**WHAT NEEDS TO BE DONE**: Nothing but the text should be carried over: reproduce all the data exactly and leave out every image.

**DATA EXTRACT**:
====================

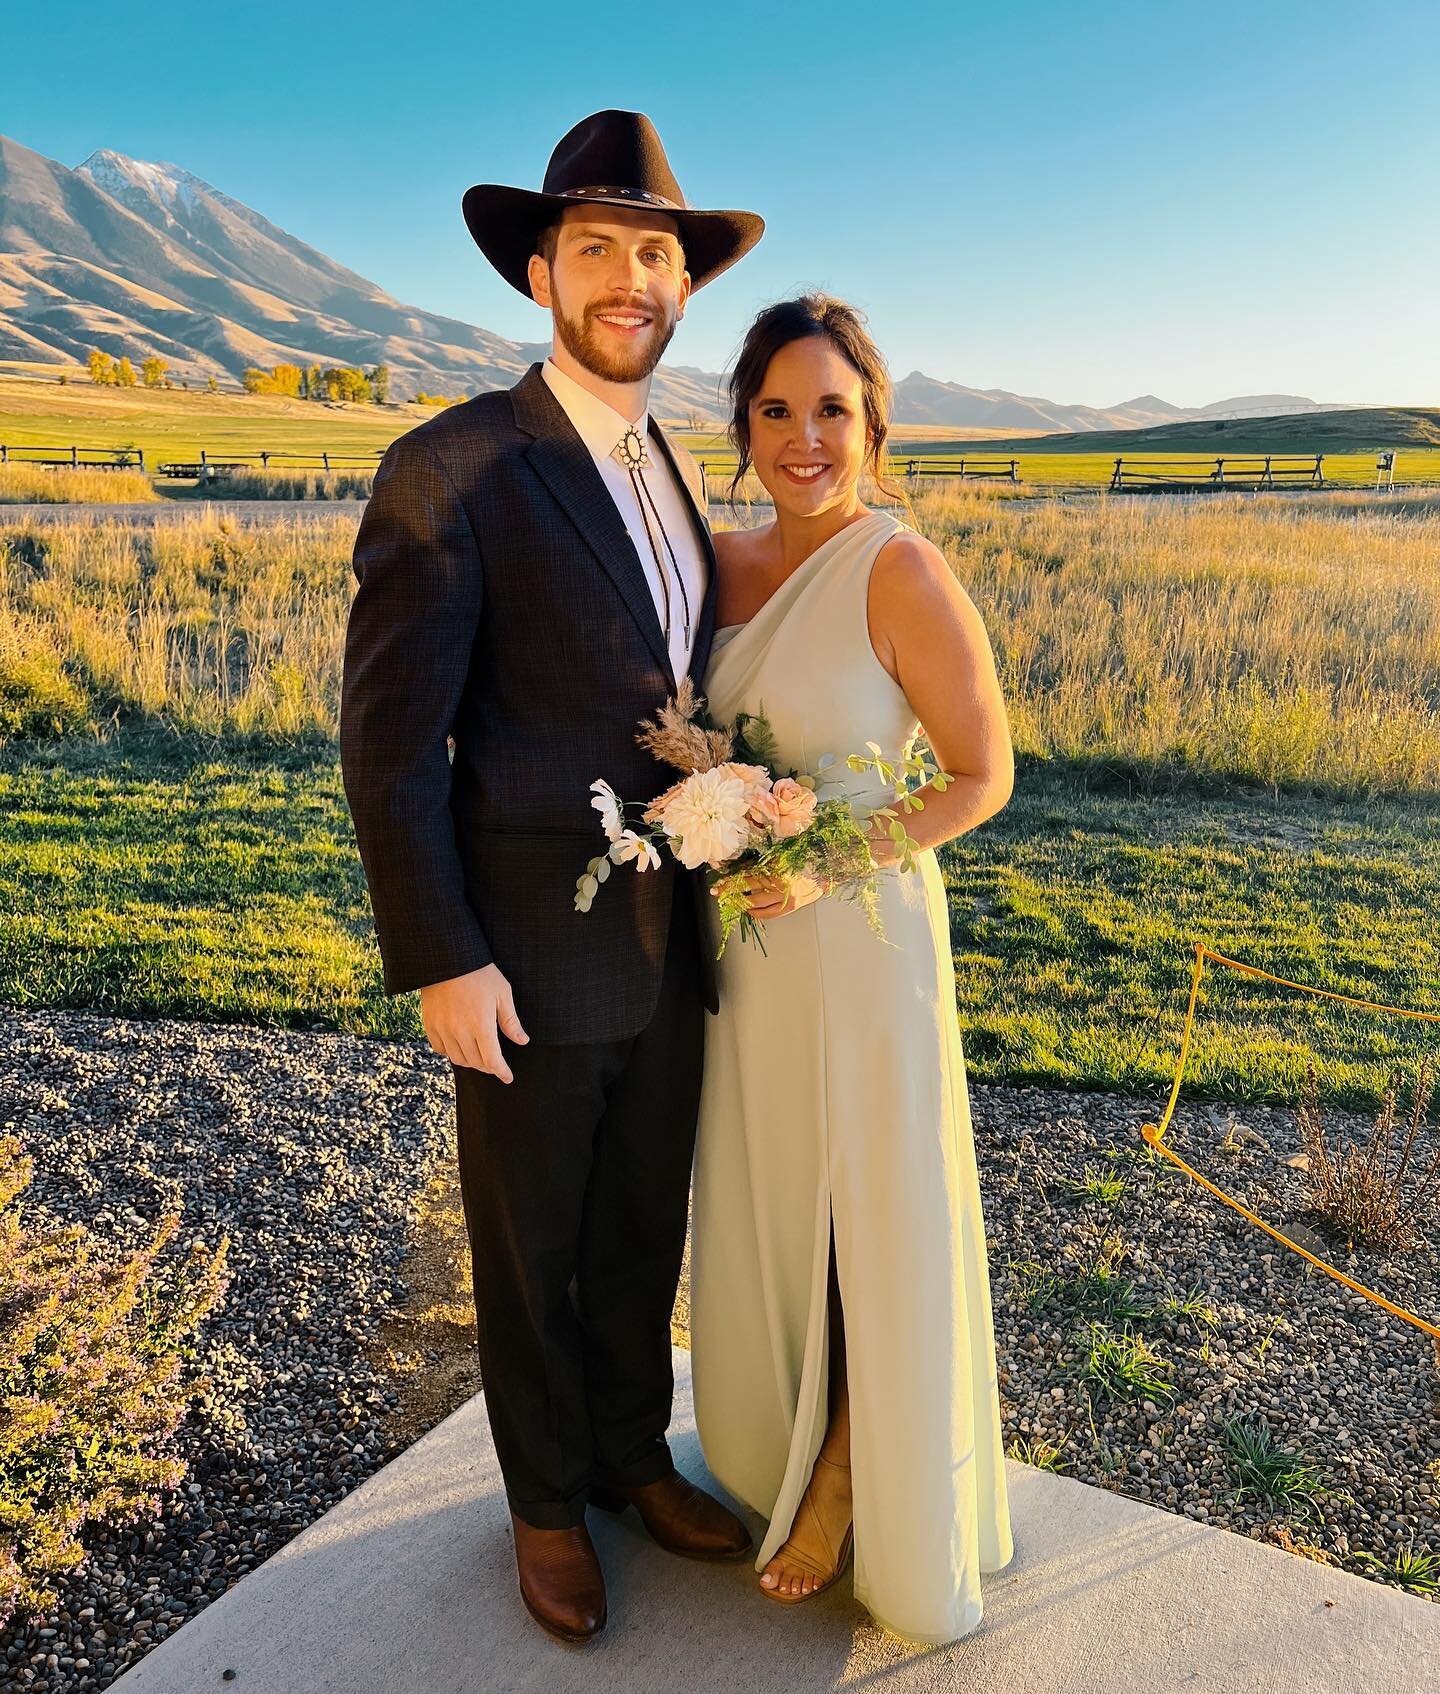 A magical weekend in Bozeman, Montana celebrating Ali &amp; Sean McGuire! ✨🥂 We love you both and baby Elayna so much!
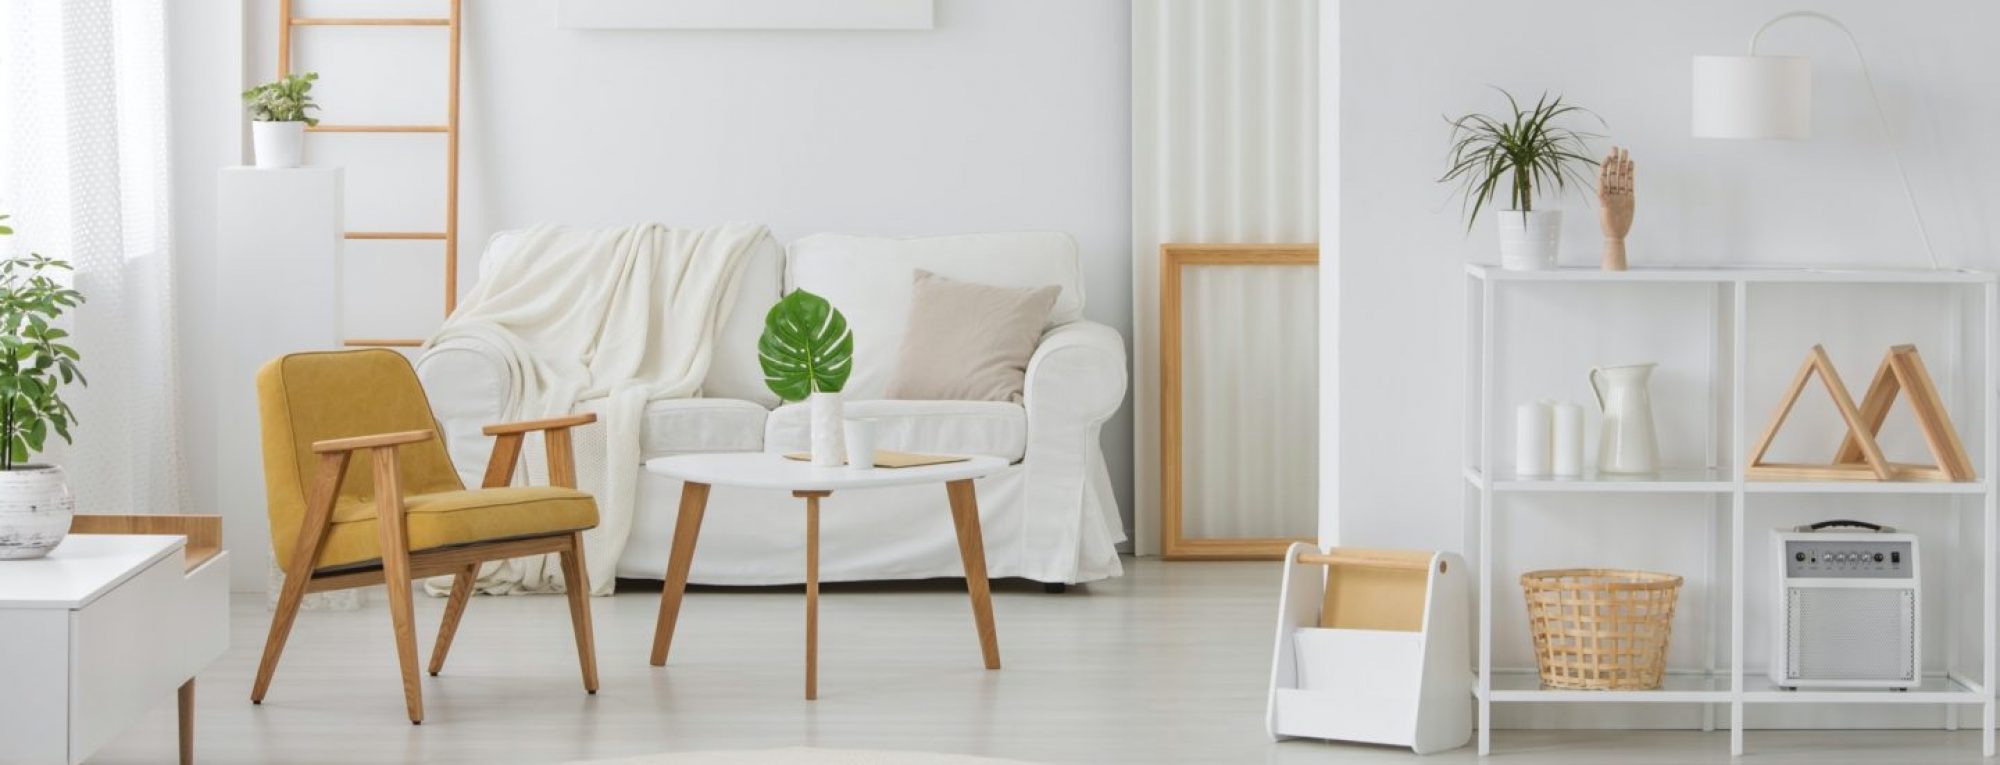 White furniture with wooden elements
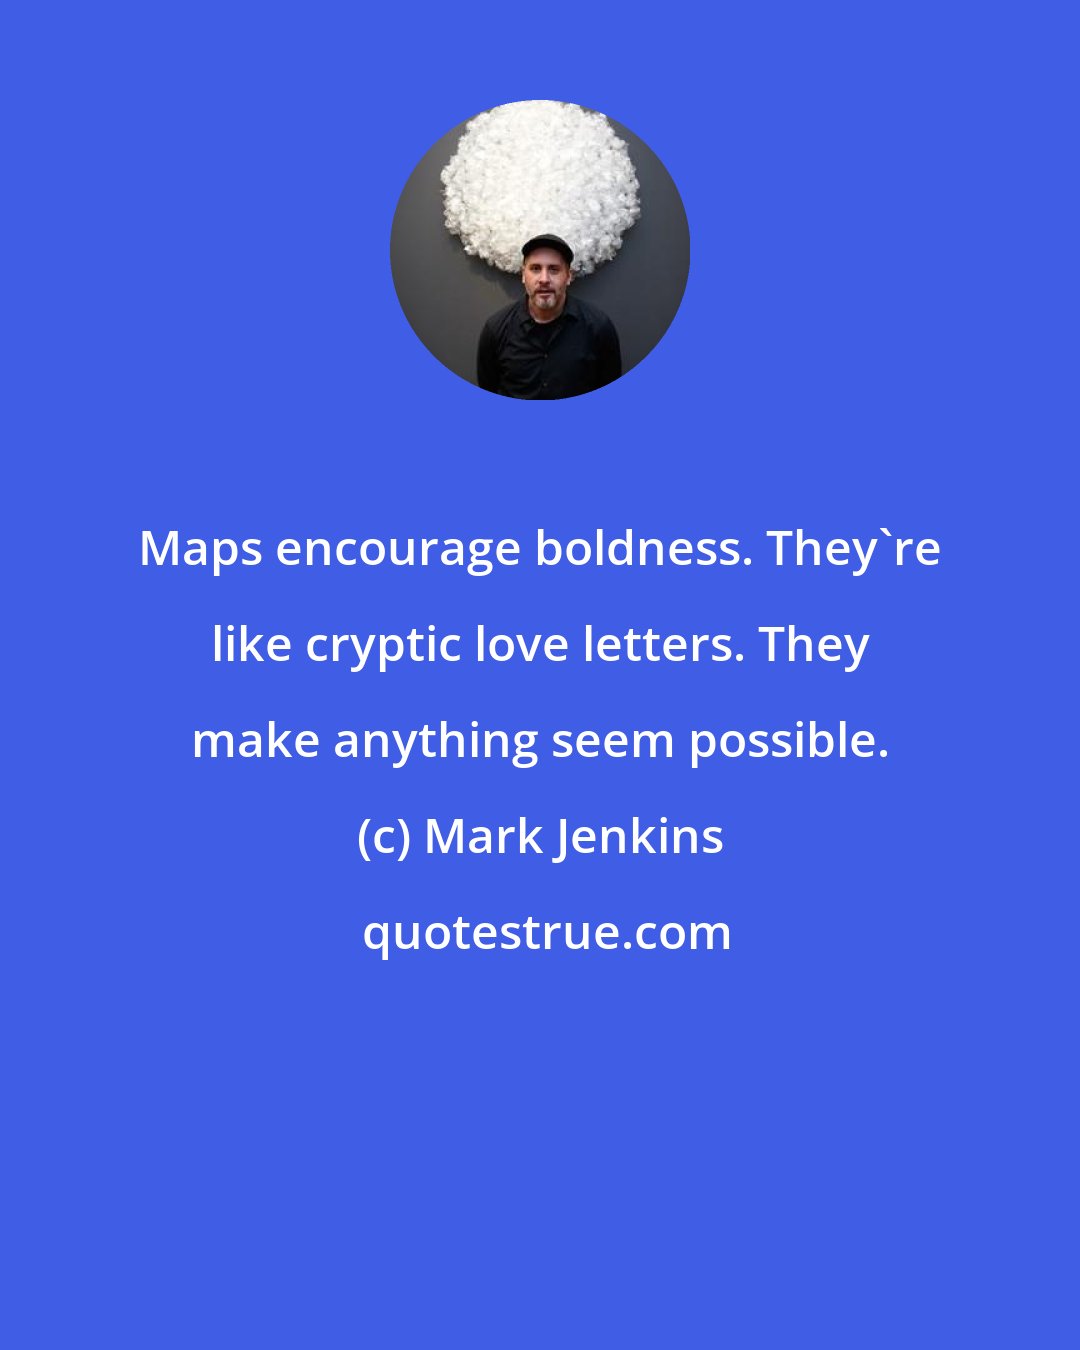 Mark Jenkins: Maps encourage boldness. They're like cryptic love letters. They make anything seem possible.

====================

**RESULT OF THIS EXERCISE**:
 A magical weekend in Bozeman, Montana celebrating Ali &amp; Sean McGuire! ✨🥂 We love you both and baby Elayna so much!
 White furniture with wooden elements
 Mark Jenkins: Maps encourage boldness. They're like cryptic love letters. They make anything seem possible.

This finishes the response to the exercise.